I am using kafka-python and BeautifulSoup to Scrape website that I enter often, and send a message to kafka broker with python producer.
What I want to do is whenever new post is uploaded on website (actually it is some kind of community like reddit, usually korean hip-hop fans are using to share information etc), that post should be send to kafka broker.
However, my problem is within while loop, only the lateset post keeps sending to kafka broker repeatedly. This is not I want.
Also, second problem is when new post is loaded,
HTTP Error 502: Bad Gateway error occurs on
soup = BeautifulSoup(urllib.request.urlopen("http://hiphople.com/kboard").read(), "html.parser")
and message is not send anymore.
this is dataScraping.py
from bs4 import BeautifulSoup
import re
import urllib.request
pattern = re.compile('[0-9]+')
def parseContent():
soup = BeautifulSoup(urllib.request.urlopen("http://hiphople.com/kboard").read(), "html.parser")
for div in soup.find_all("tr", class_="notice"):
div.decompose()
key_num = pattern.findall(soup.find_all("td", class_="no")[0].text)
category = soup.find_all("td", class_="categoryTD")[0].find("span").text
author = soup.find_all("td", class_="author")[0].find("span").text
title = soup.find_all("td", class_="title")[0].find("a").text
link = "http://hiphople.com" + soup.find_all("td", class_="title")[0].find("a").attrs["href"]

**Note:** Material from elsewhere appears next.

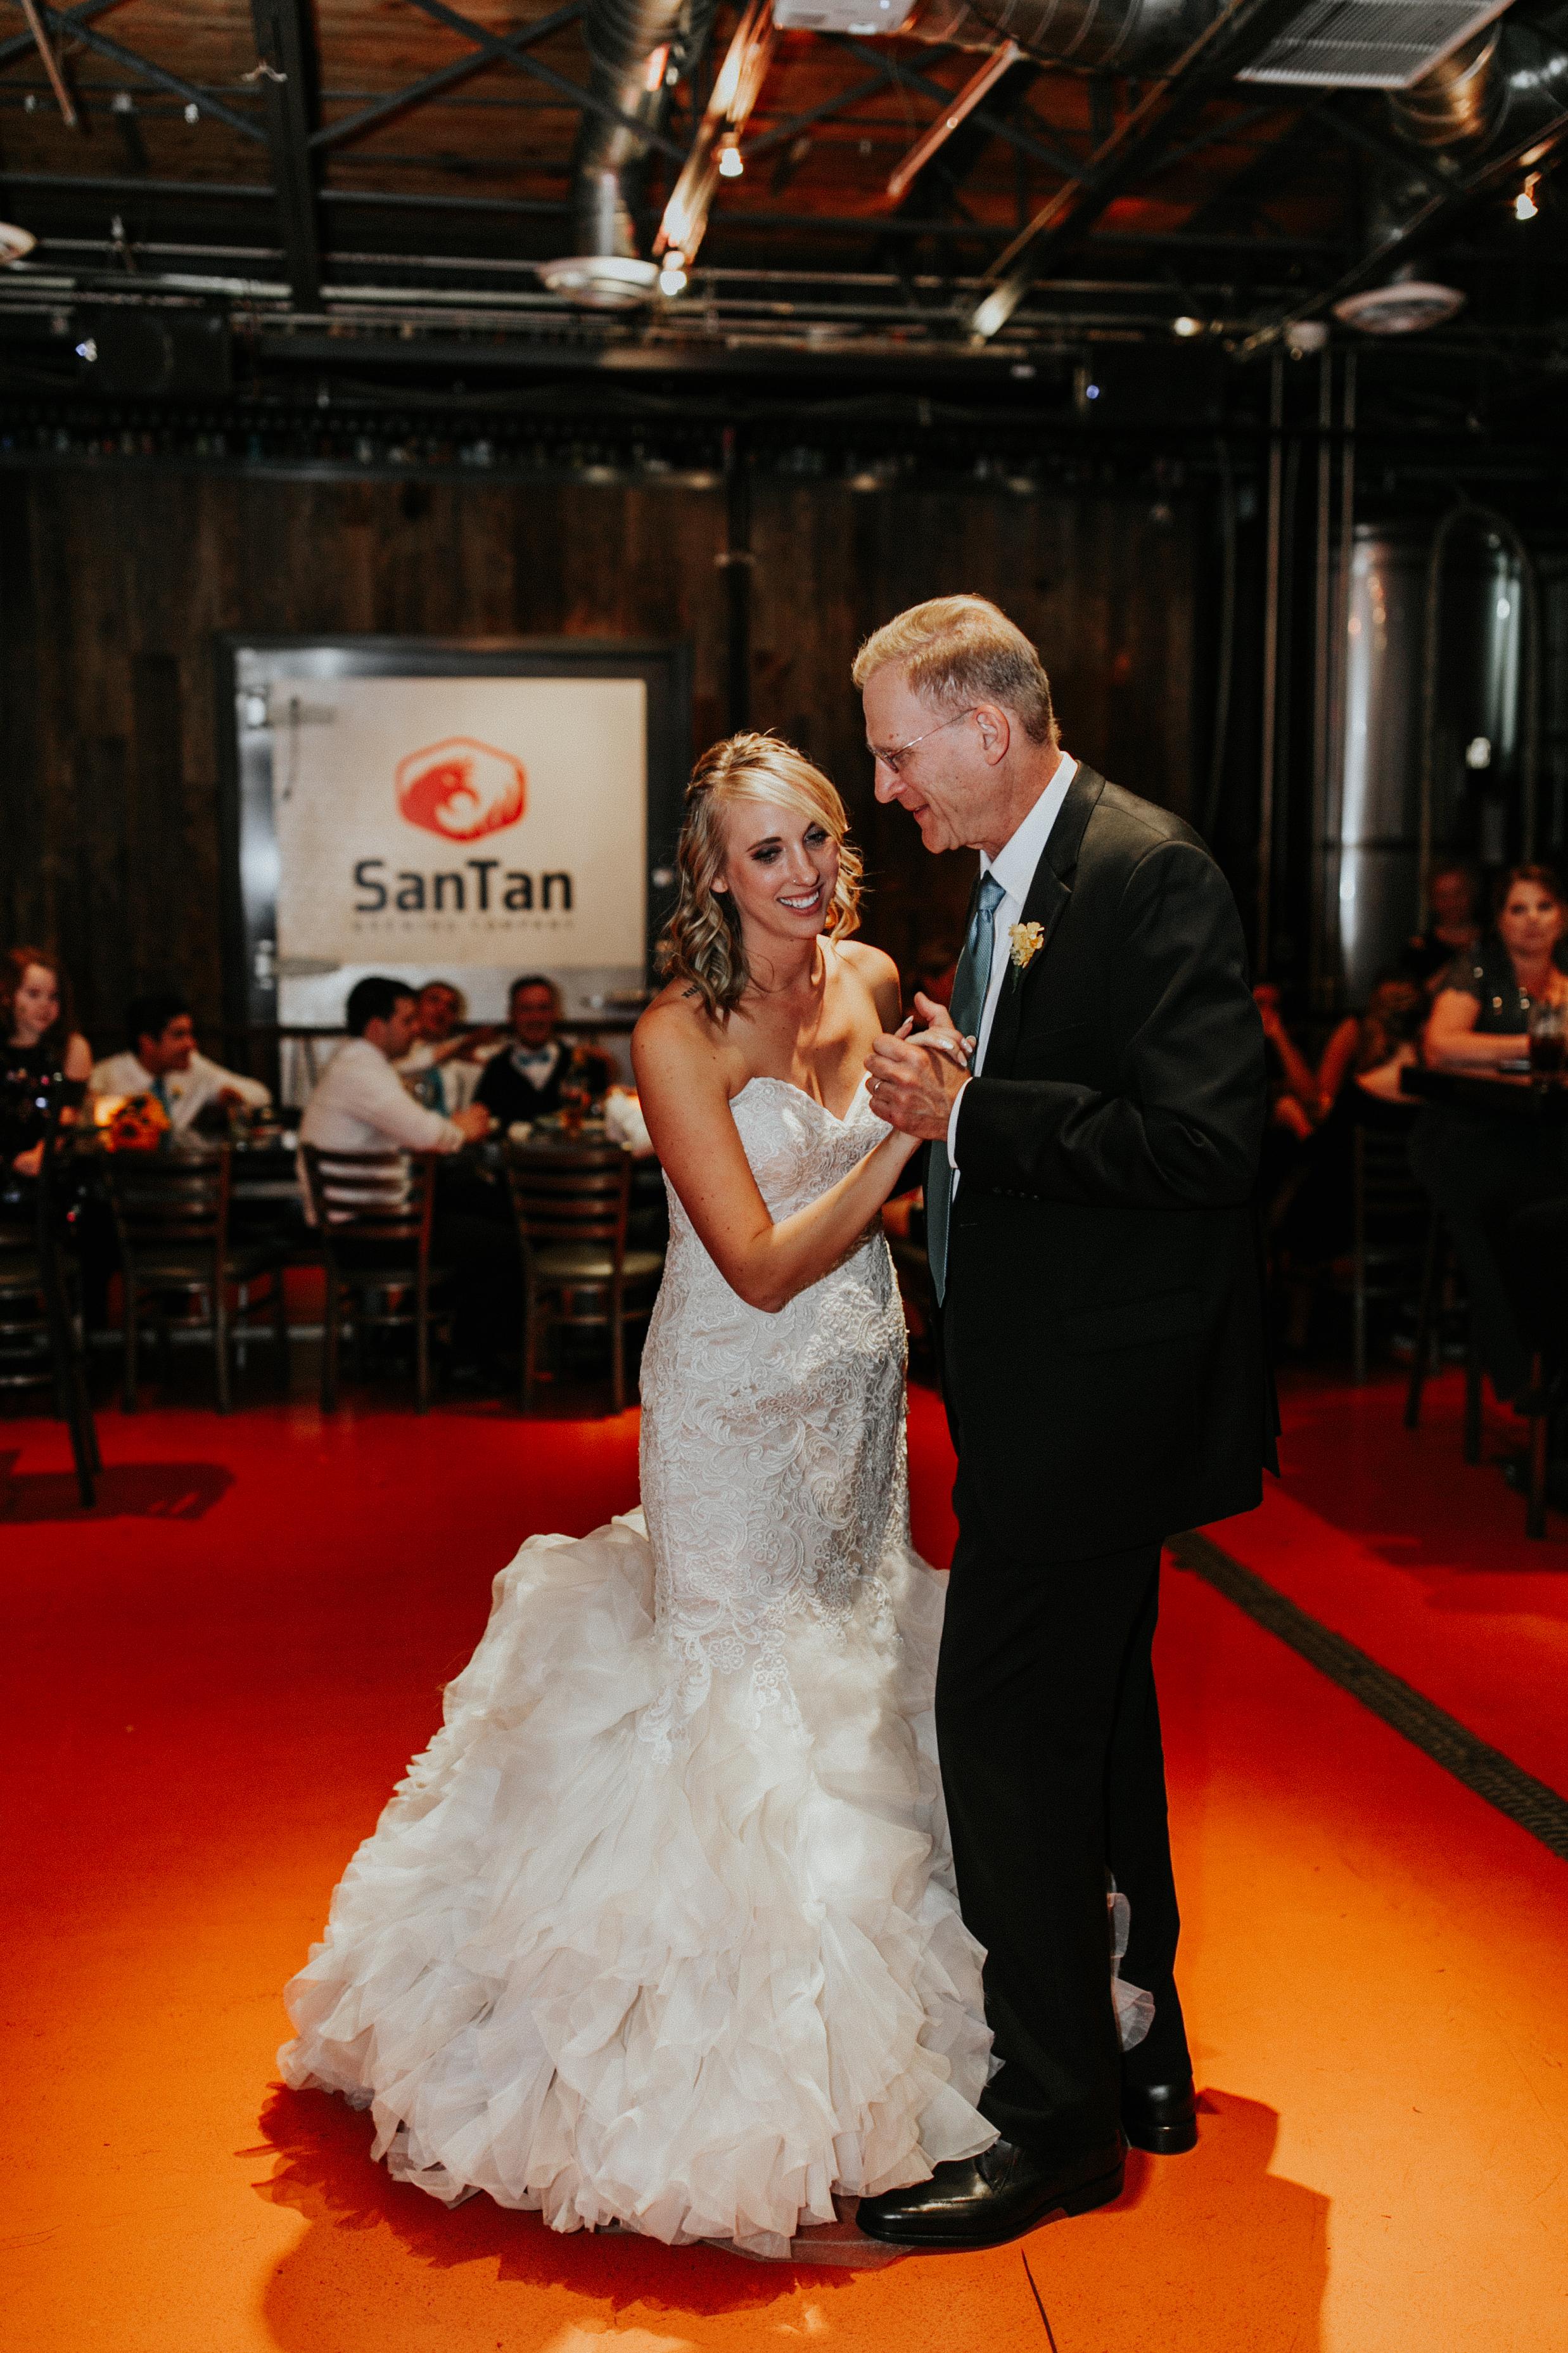 adventure-wedding-photographer-gracetphotography-54.jpg

soup2 = BeautifulSoup(urllib.request.urlopen(link).read(), "html.parser")
content = str(soup2.find_all("div", class_="article-content")[0].find_all("p"))
content = re.sub("<.+?>","", content,0).strip()

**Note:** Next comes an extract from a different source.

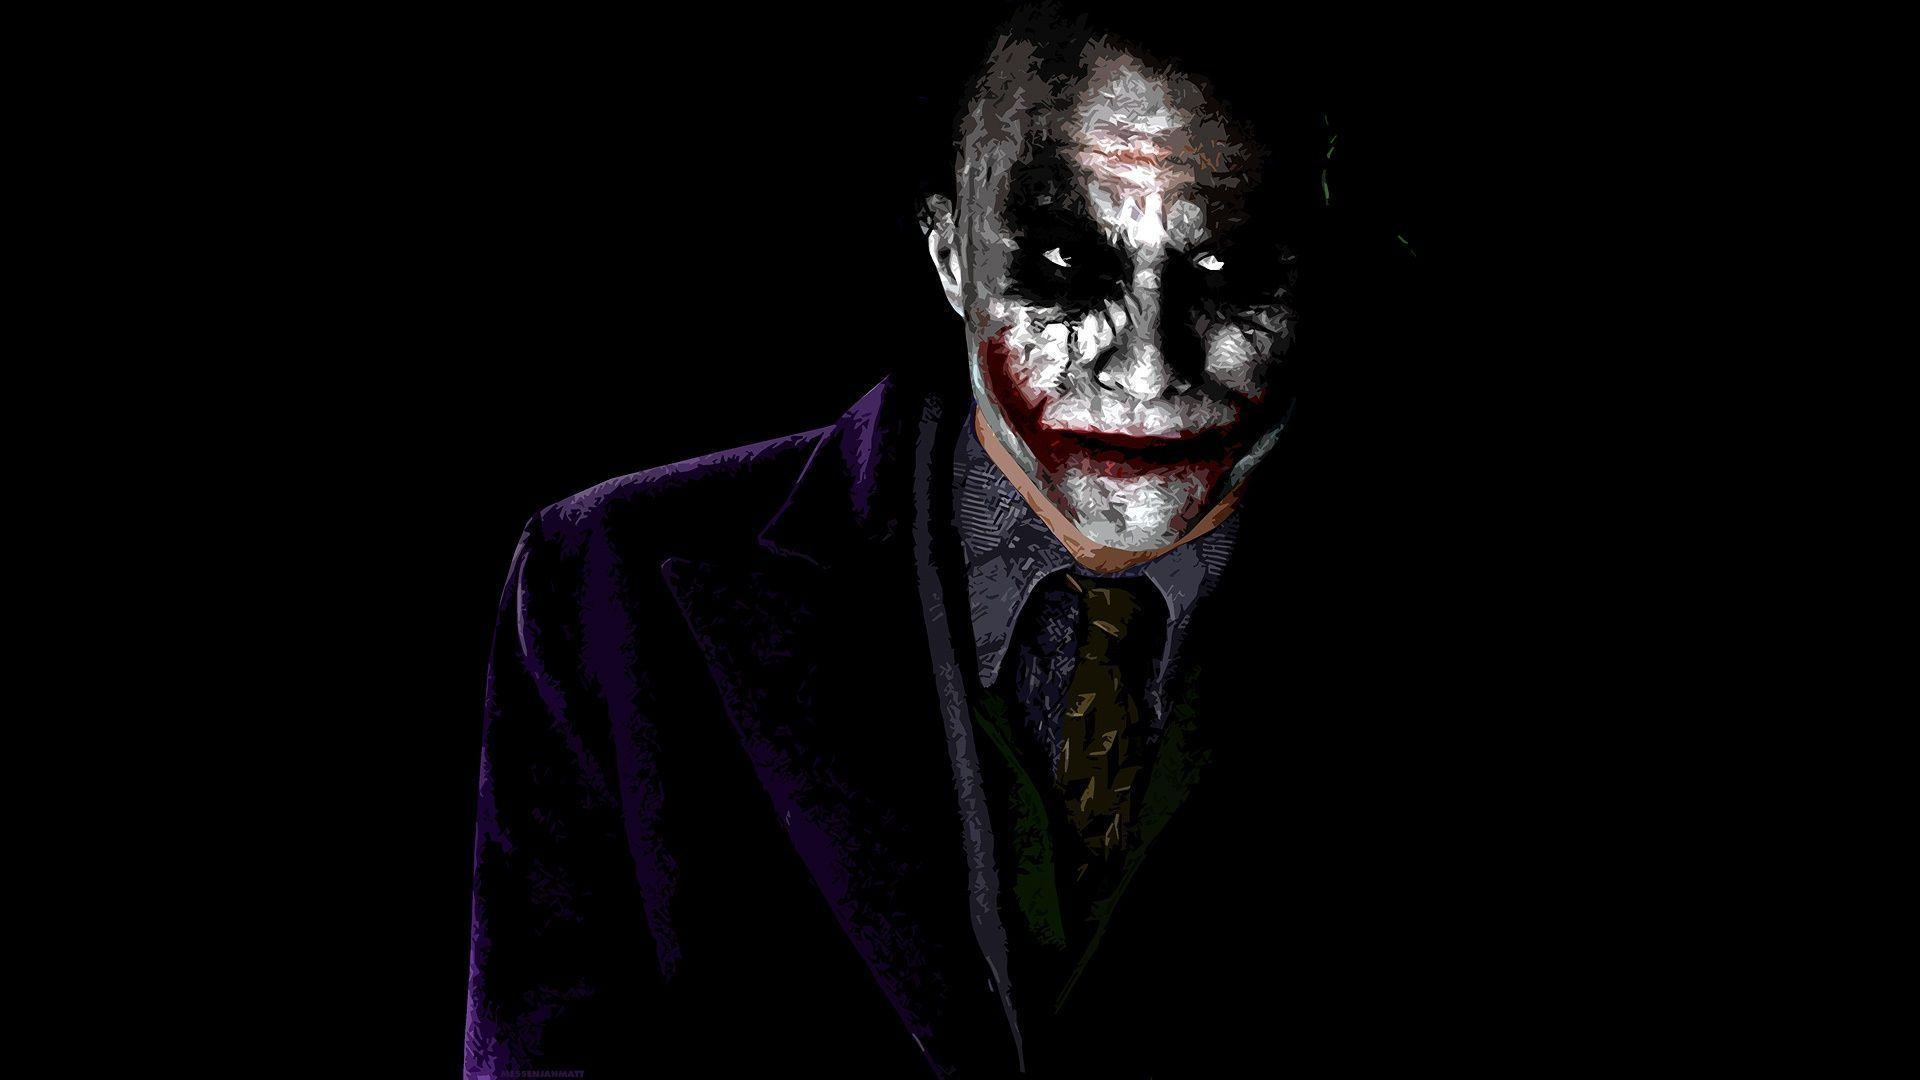 The Joker Wallpaper Hd Wide 1920x1080PX 1553

content = re.sub("\xa0","", content, 0).strip()
result = {"key_num": key_num, "catetory": category, "title": title, "author": author, "content": content}
return result
if __name__ == "__main__":
print("data scraping from website")
and this is PythonWebScraping.py
import json
from kafka import KafkaProducer
from dataScraping import parseContent
def json_serializer(data):
return json.dumps(data).encode("utf-8")
producer = KafkaProducer(acks=1, compression_type = "gzip", bootstrap_servers=["localhost:9092"],
value_serializer = json_serializer)
if __name__ == "__main__":
while (True):
result = parseContent()
producer.send("hiphople",result)
Please let me know how to fix my code so I can send newly created post to kafka broker as I expected.